WEALTH MANAGER-Despite the hype, MLPs still have risks

* MLPs offer relatively high yields and cash distributions

* New products give investors easier access to MLPs

* But advisers warn of dangers of overheating in sector

NEW YORK, Aug 31 (Reuters) - Investors in search of a decent yield are piling into master limited partnerships (MLPs), creating a concern among some advisers that there may be a bubble forming in this once quiet segment of the market.

A range of new exchange-traded products and mutual funds has made it easier than ever for retail investors to access MLPs.

“The floodgates have opened,” said Bill Parsons, a financial adviser at Scottsboro, Alabama-based Mainsail Asset Management. “But ultimately it’s a small-capacity asset class and it’s limited as to how much money can pile in.”

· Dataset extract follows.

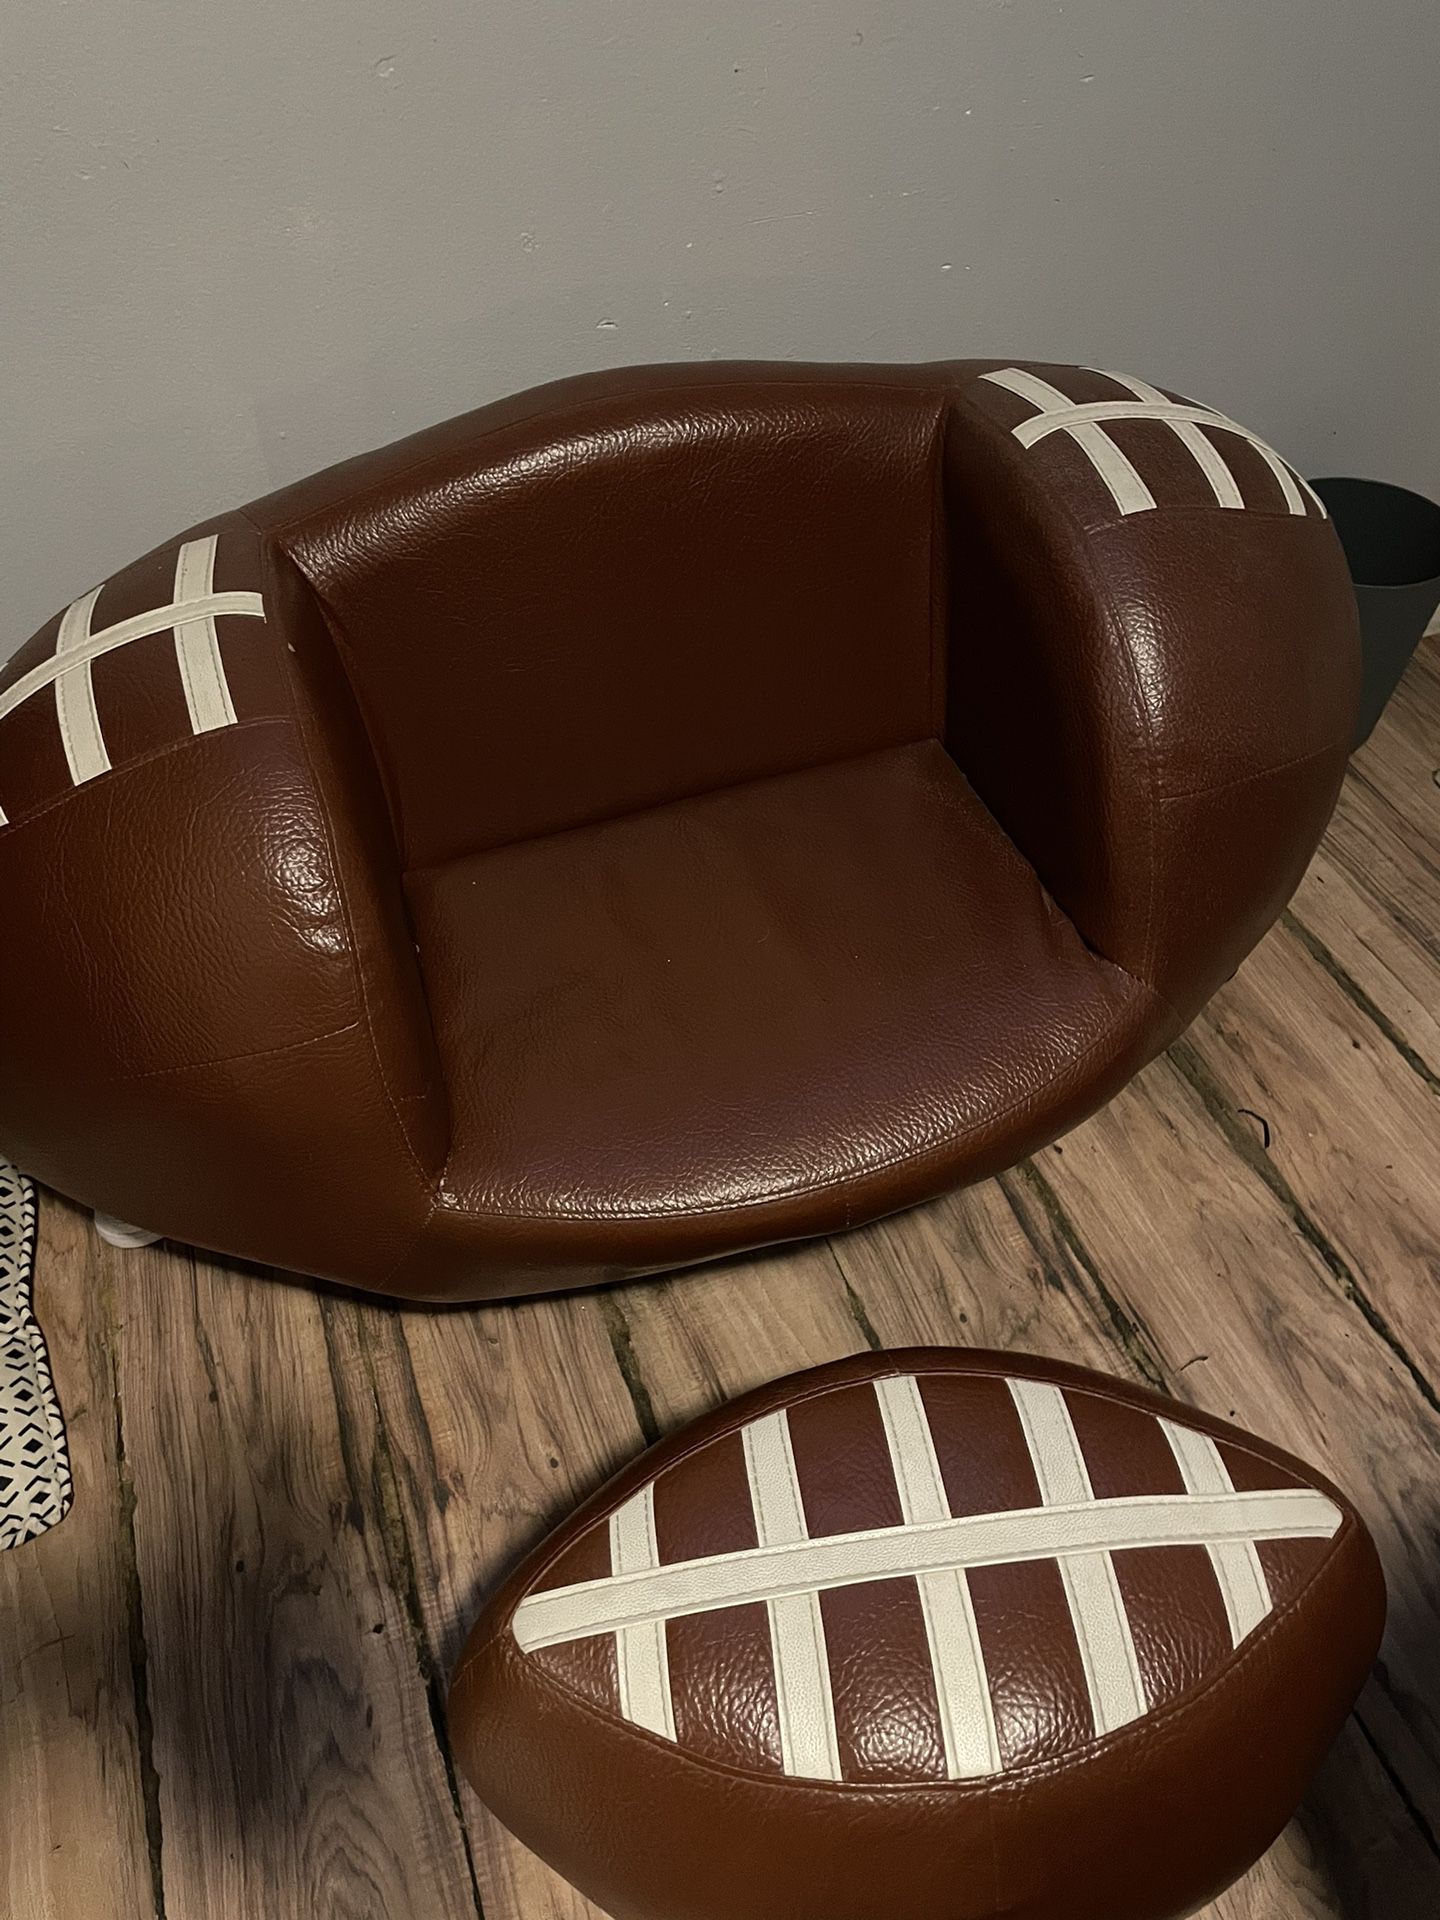 Football Chair 
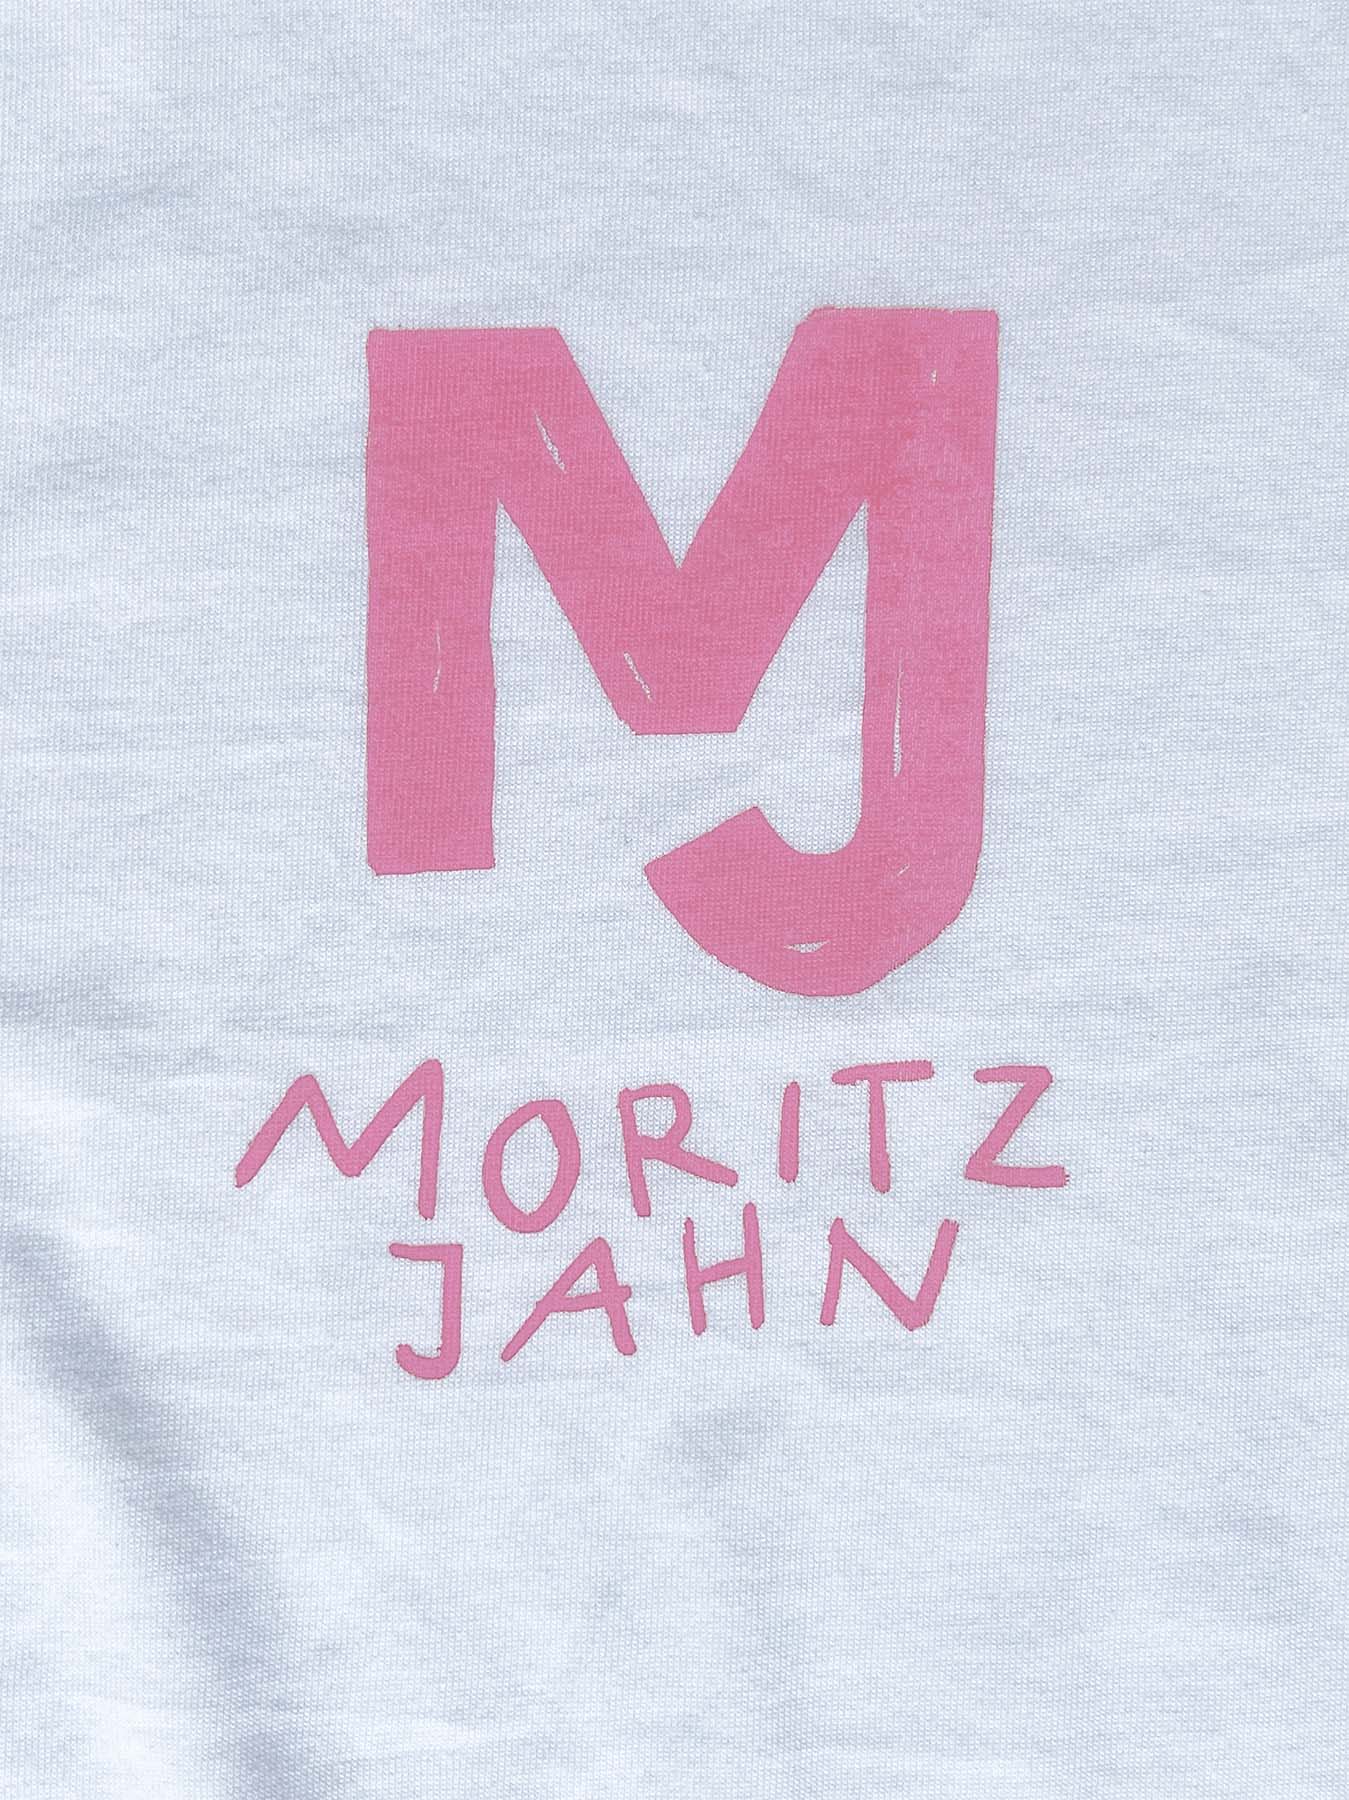 Moritz Jahn Limitiertes Soliloquy Shirt Siebdruck T-Shirt pink

The market capitalization of MLPs is currently around $193 billion, up from just $71 billion in 2005, according to Wells Fargo & Co WFC.N.

The attraction is easy to see. These publicly traded partnerships, which are mostly invested in the energy sector, provide investors with relatively high and predictable cash distributions. The majority of the distributions are tax-deferred until the investor sells the shares.

The average yield on MLPs is currently around 5 to 7 percent, versus 2.5 percent for 10-year Treasuries. MLP yields are projected to grow by 5 percent per year, according to Morningstar Inc MORN.O.

Still, this is not the place for bargain-hunters. During the downturn, the Alerian MLP Index, which tracks 50 of the largest energy MLPs, more than halved in value, trading at $152 in November 2008. It is now back up to around $320. Morningstar analyst Jason Stevens believes the investments are now fairly priced.

A range of new financial products is likely to create even more interest in MLPs.

Last week, Alerian launched the first MLP exchange-traded fund designed to track the Alerian MLP Infrastructure Index. This follows the MLP exchange-traded notes (ETNs) unveiled by both UBS UBSN.VX and Credit Suisse CSGN.VX Cushing earlier this year, which provided some competition to JPMorgan Chase & Co's JPM.N ETN launched in April 2009. SteelPath Fund Advisors also launched the first MLP open-ended mutual funds in March.

The expense ratio on the ETF and ETNs is 0.85 percent, while the mutual funds charge around 1 to 1.5 percent.

By using exchange-traded products and mutual funds, investors also avoid the tricky tax forms, (a K1 instead of the usual 1099) that direct investors in the partnerships receive.

Parsons, the Alabama-based adviser, is concerned that a rush of new retail investors may drive yields lower while increasing risk. Institutional investors tend to avoid MLPs due to tax complications.

“They’re hot right now and they’re attracting a lot of money, but retail investors are fickle and can sell in a panic,” said Parsons, who invests selectively in MLPs.

All of the hype has also given some investors the false impression that MLPs are risk free, Parsons added.

As MLPs distribute the majority of their earnings to their shareholders, they rely heavily on being able to tap the credit markets to fund new projects. When the markets froze, the investments plunged.

Morningstar’s Stevens described the threat of another credit crunch as the “sword that hangs over the head of MLPs.” Still, he added that during the downturn, the majority of MLPs managed to maintain their distributions to investors, in contrast to a number of companies that cut or eliminated their dividends.

Lee Munson, an adviser at Albuquerque, New Mexico-based Portfolio LLC, said MLPs are the “secret sauce” of his clients’ portfolios and he invests around 10 to 25 percent of an average portfolio in the assets. But he also preaches caution.

“Everyone is talking about them but this is a tiny market and it’s misunderstood,” he said.

Munson recommends sticking to large cap offerings as smaller partnerships can be volatile and are more likely to cut their distributions.

He and Parsons both agree that while MLPs can provide a nice income stream it is essential to diversify client portfolios.

“It has been an important asset class,” said Parsons. “But at the end of the day, it’s not a silver bullet so make sure you don’t overallocate.”